Woolwich loses his case for wrongful dismissal

Woolwich: “not convincing”

BBC current affairs producer Paul Woolwich has lost his High Court case for wrongful dismissal against independent production company Twenty Twenty Productions, after he was sacked for bullying staff two years ago.

He brought the case against Twenty Twenty founding partners Claudia Milne and Mike Whittaker, as well as a fourth partner Peter Casely-Hayford, following his dismissal from the post of director in February 2001.

In addition, Woolwich filed for compensation for unfair prejudice and a breach of the shareholders agreement (for using their majority shareholding to remove him from the board), and sought an order for the directors to compulsorily purchase his 24 per cent stake in the company.

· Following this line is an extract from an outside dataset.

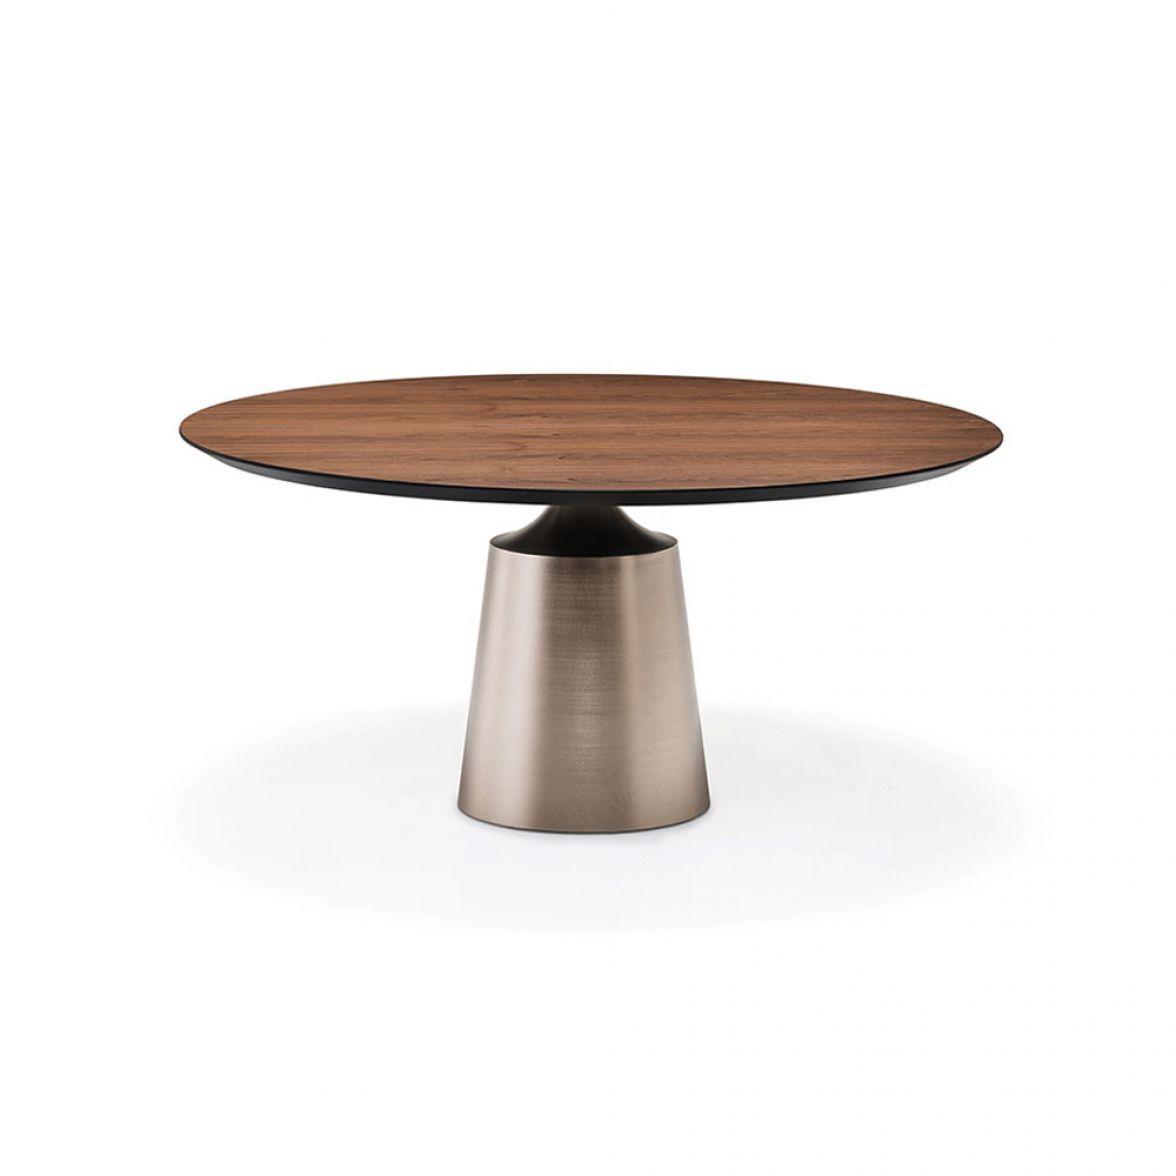 Yoda wood table фото цена

As he dismissed the lawsuit against the company on all three counts, judge Sir Donald Rattee said he had not seen Woolwich as “a reliable witness” in the case.

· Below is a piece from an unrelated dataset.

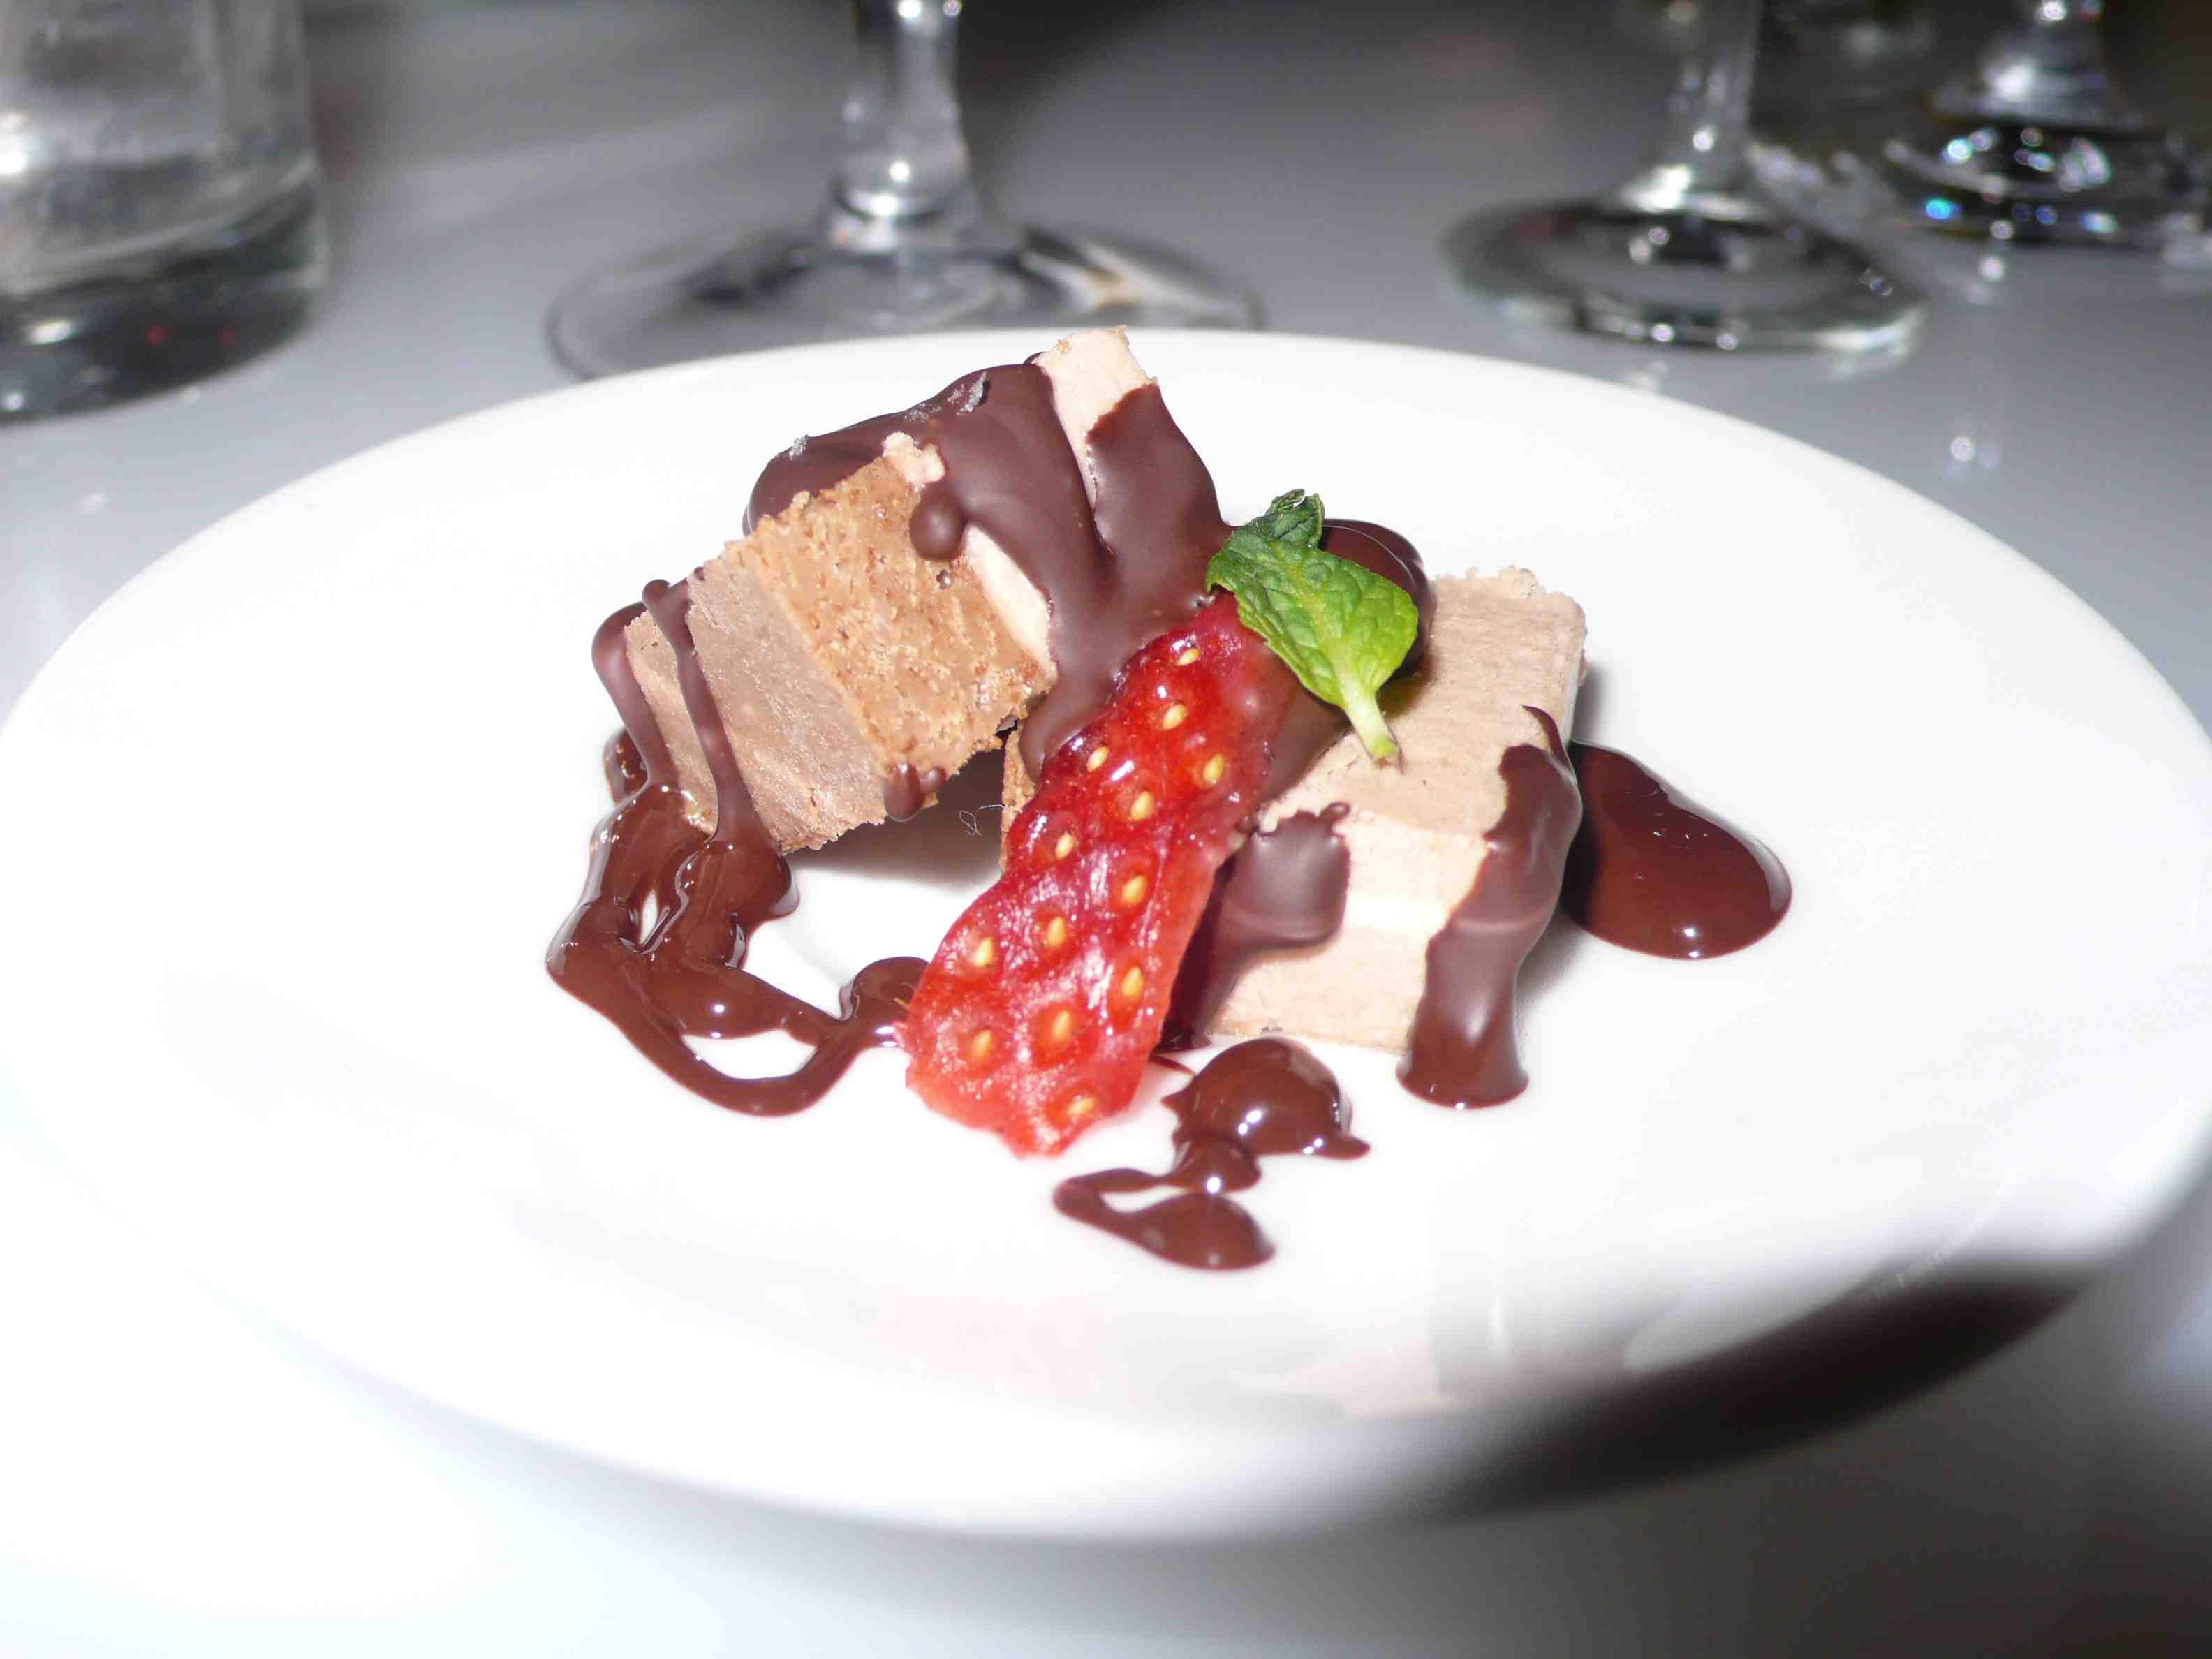 Kit Kat dessert

“I should say at this point that I did not find Mr Woolwich a convincing witness. I am not persuaded that he was deliberately telling untruths, but I do think that he has – and demonstrated in his evidence – a considerable propensity for deluding himself into thinking, and then seeking to persuade others, that things were said and done which suit the case he is seeking to put forward.”

Production manager Melanie Vasey had been bullied by Woolwich on several occasions, and cited an instance in August 2000 when he had shouted: “This is what feeds your daughter, this is your responsibility,” as he waved a videotape in her face because it had been found out of its box.

Morale among staff had begun to drop thereafter, and other incidents are said to have followed over the autumn of 2000.

Moves to remove Woolwich from Twenty Twenty began after Vasey and her assistant Bea O’Connell told directors they could no longer work with him, and were considering leaving. Both members of staff gave evidence that “they and Miss Vasey in particular, became very demoralised by constant criticism, often in unreasonably harsh terms”.

After the case was dismissed, Twenty Twenty directors said in a joint statement that they were “relieved to have been vindicated”.

Woolwich is known for his work on programmes such as The Big Story and This Week on ITV and Channel 4’s Dispatches and is now an executive producer on Kenyon Confronts.